• [Data block]:
<<<<
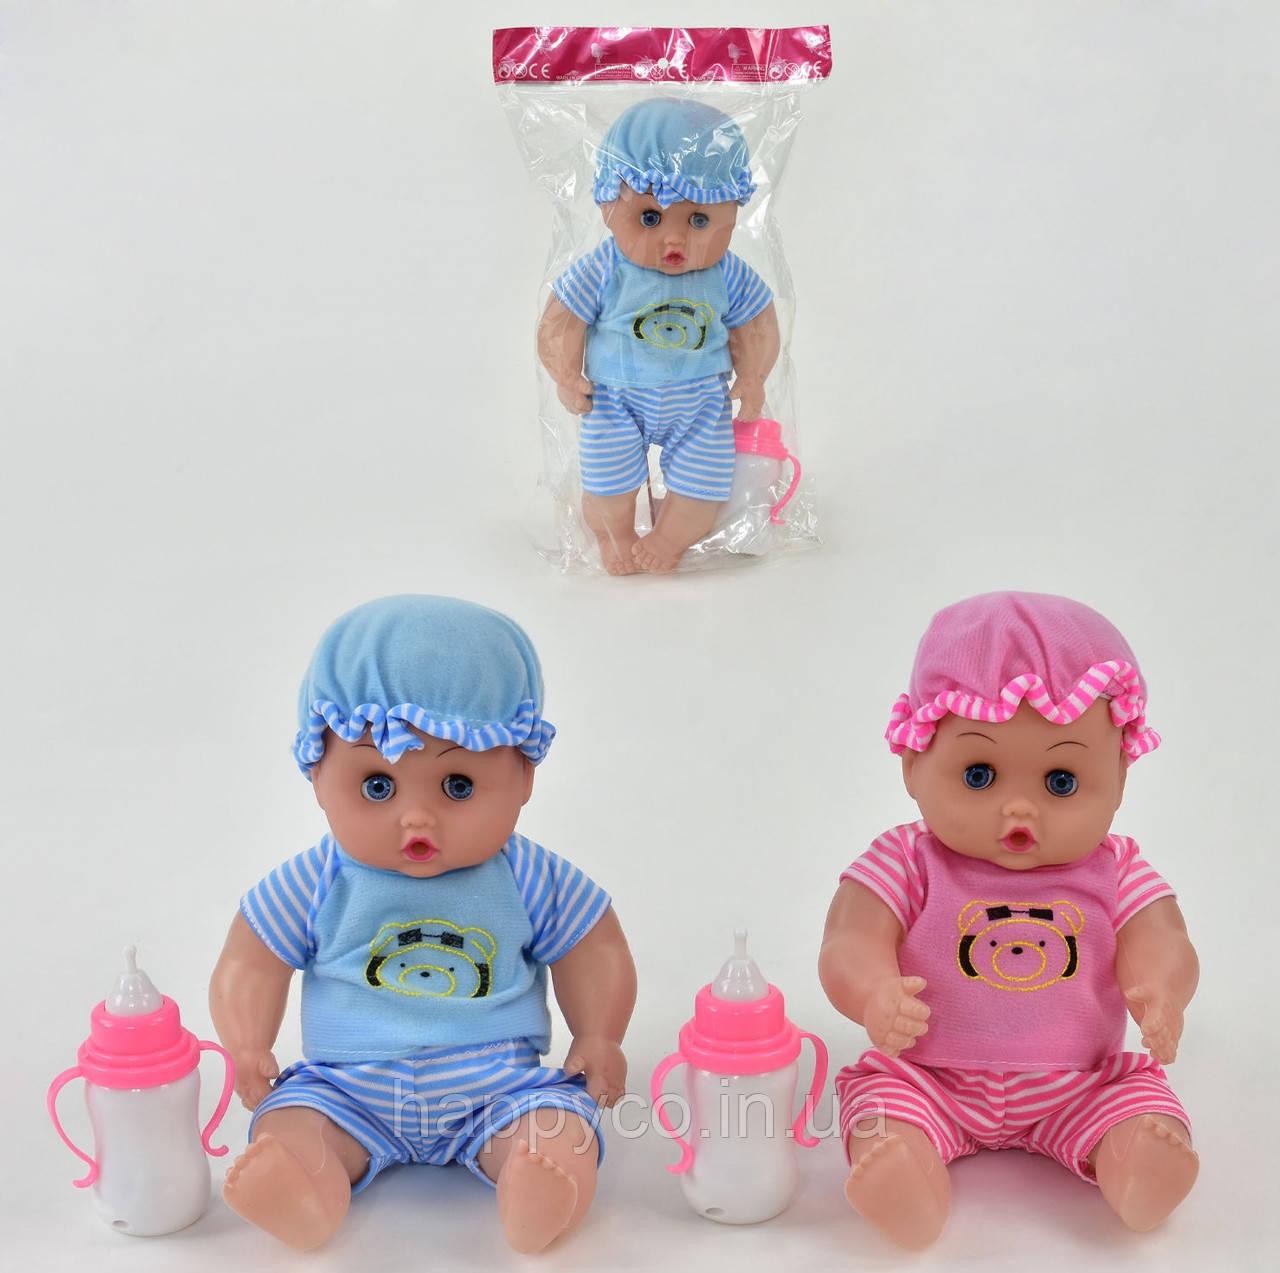 Детская игрушка Пупс музыкальный
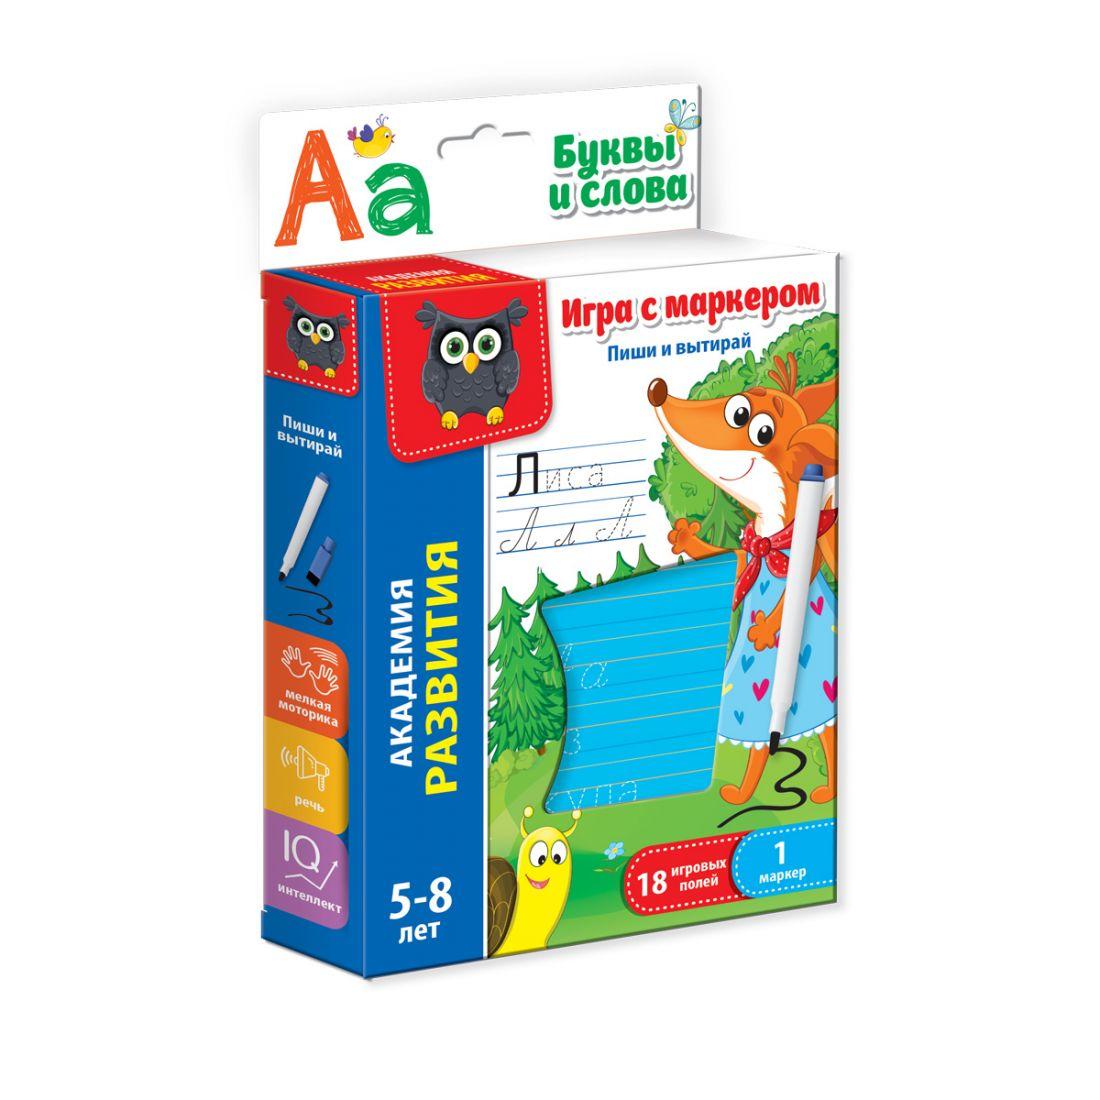 Обучающий набор VLADI TOYS VT5010-03 Буквы и слова
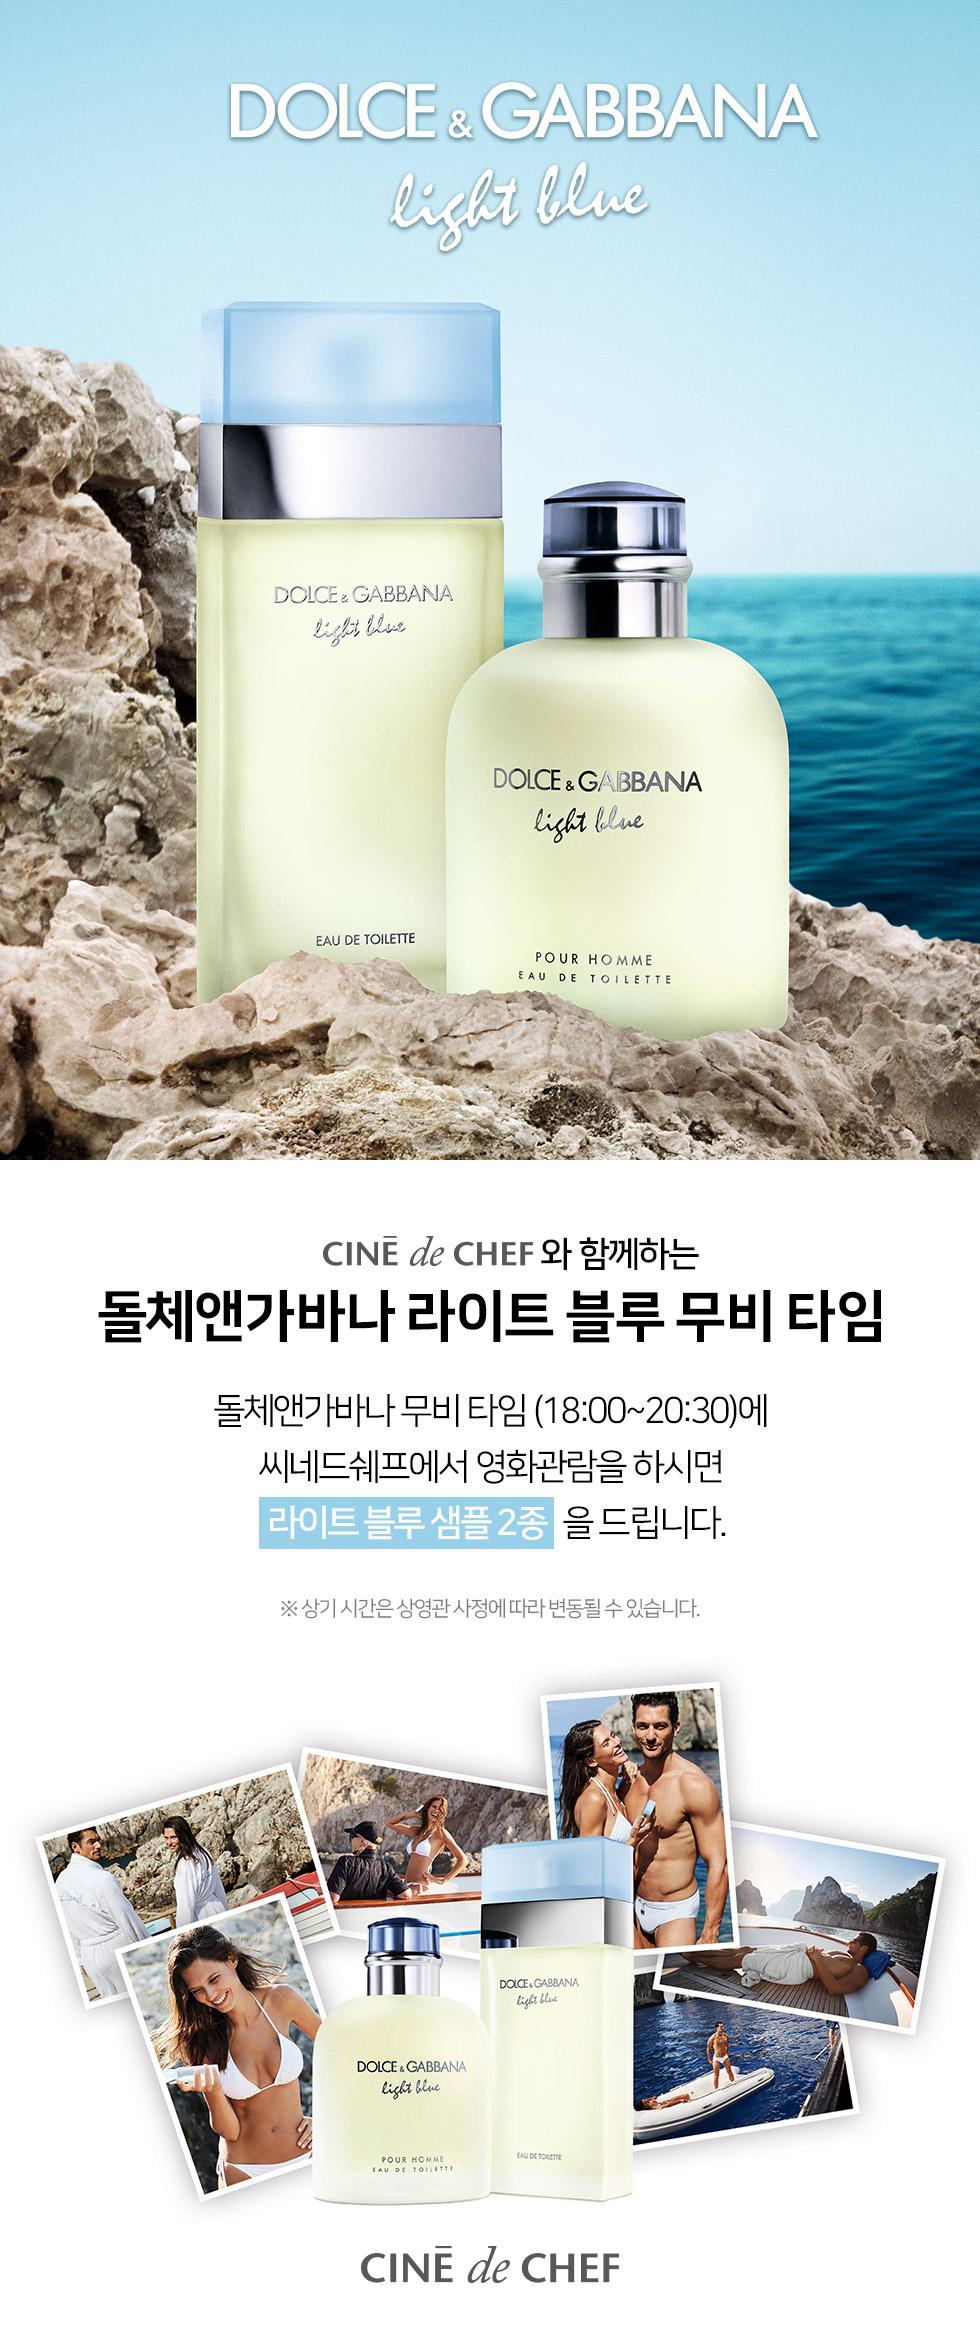 CGV극장별 씨네드쉐프와 함께하는 돌체앤가바나 라이트 블루 무비 타임
>>>>
• [The problem]:
Write out the data precisely as given, excluding the pictures.

• [Answer box]:
 Детская игрушка Пупс музыкальный
 Обучающий набор VLADI TOYS VT5010-03 Буквы и слова
 CGV극장별 씨네드쉐프와 함께하는 돌체앤가바나 라이트 블루 무비 타임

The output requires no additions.